There is certainly similarities to The Dark Knight Rises even though Daniel Craig dismissed that in a recent interview with the BBC.
I cried at the end, and was the last to leave a packed theatre.
It was finally over. All the build up and hype. Like a gorgeous model promising fantastic sex and delivering, Bond had sucked every drop from me and I was exhausted; flaccid, like a wrung towel.

Later that night I nipped to Blockbusters and hired 'HOW I SPENT MY SUMMER VACATION'.
A Mel Gibson film about an American convict ordered to serve his time in a Mexican slum.
It was watchable, even though I fell asleep towards the end and dreamt of Bond.
I caught the end of the Gibson flick the next day. It certainly had atmosphere, a charm, and some good ideas.
It's no Beaver mind. That was the last Gibson flick that I watched. It's premise  was about a man who had given up his normal mundane life to adopt one of a shitty ventriloquist that spoke only through the medium of a hand puppet which he referred to as 'The Beaver'. That was interesting, novel and deserved a bit more attention than it got.

So seek it out people and watch THE BEAVER and not SKYFALL or HOW I SPENT MY SUMMER VACATION.

Monday, 22 October 2012

I Love You Phillip Morris v Cemetery Junction

I Love You Phillip Morris v Cemetery Junction

So have you ever wondered what it would look like on the big screen if Ace Ventura and Rentboy ever got it on? If the answer is YES then I LOVE YOU PHILLIP MORRIS is the film for you.
Jim Carrey and Ewan McGregor play a couple in this true story based on the life of a con artist/entrepreneur Steven Russell (played by Carrey) about love, life, and prison breaks.

Now I should warn you the first 20 minutes are tough going.

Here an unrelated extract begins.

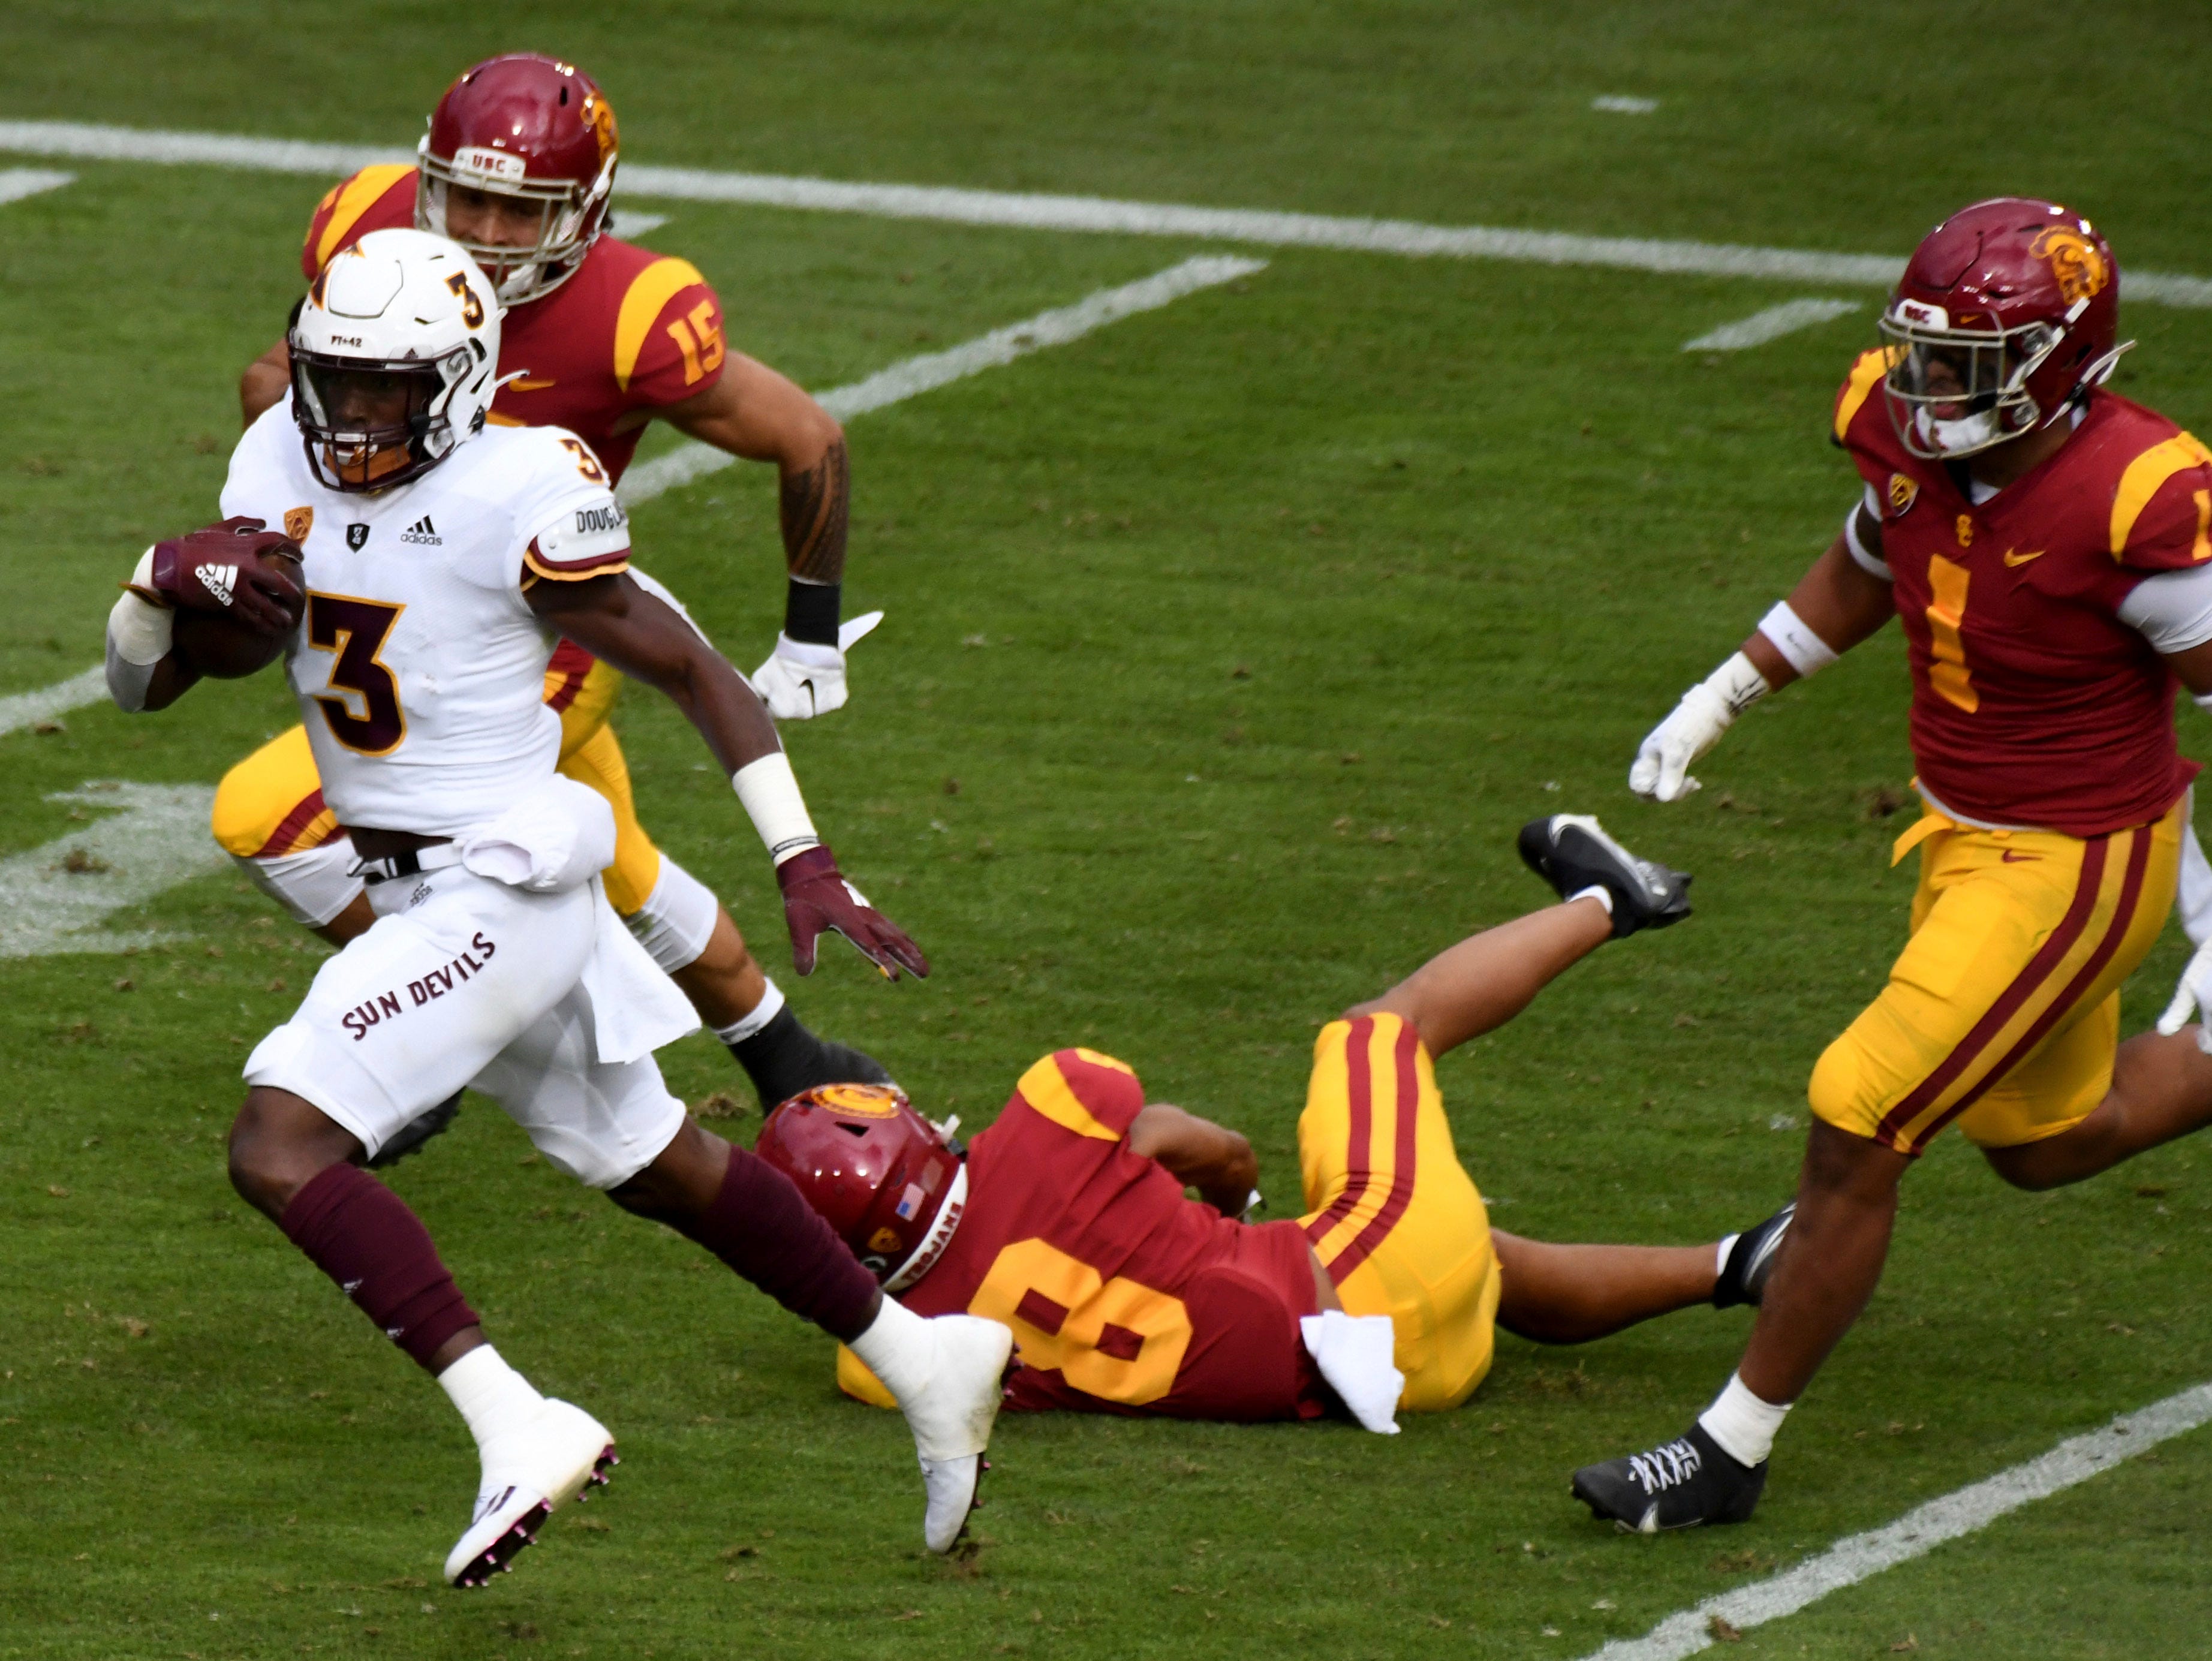 Rachaad White excels for ASU after long road to Division I football

There is a plethora of cock-suckery going on between Carrey and McGregor. Now I don't consider myself to be homophobic, but I did have to question why I was struggling internally with this.
Luckily the DVD from the library was damaged so it skipped a couple early scenes. But I was becoming more and more jarred as the relationship grew. So after 25 minutes, round about the time McGregor is seen spitting Carrey's Jizz over the side of a boat, I decided enough was enough and called time on the sorry affair.

At work the next day I ruminated for many hours on whether I had made the right call abandoning the film so early in. Surely there was more to the plot than just cock juggling. How had the film got so critically acclaimed? And had I suddenly become homophobic overnight? Maybe I've been homophobic all my life. What a quandary.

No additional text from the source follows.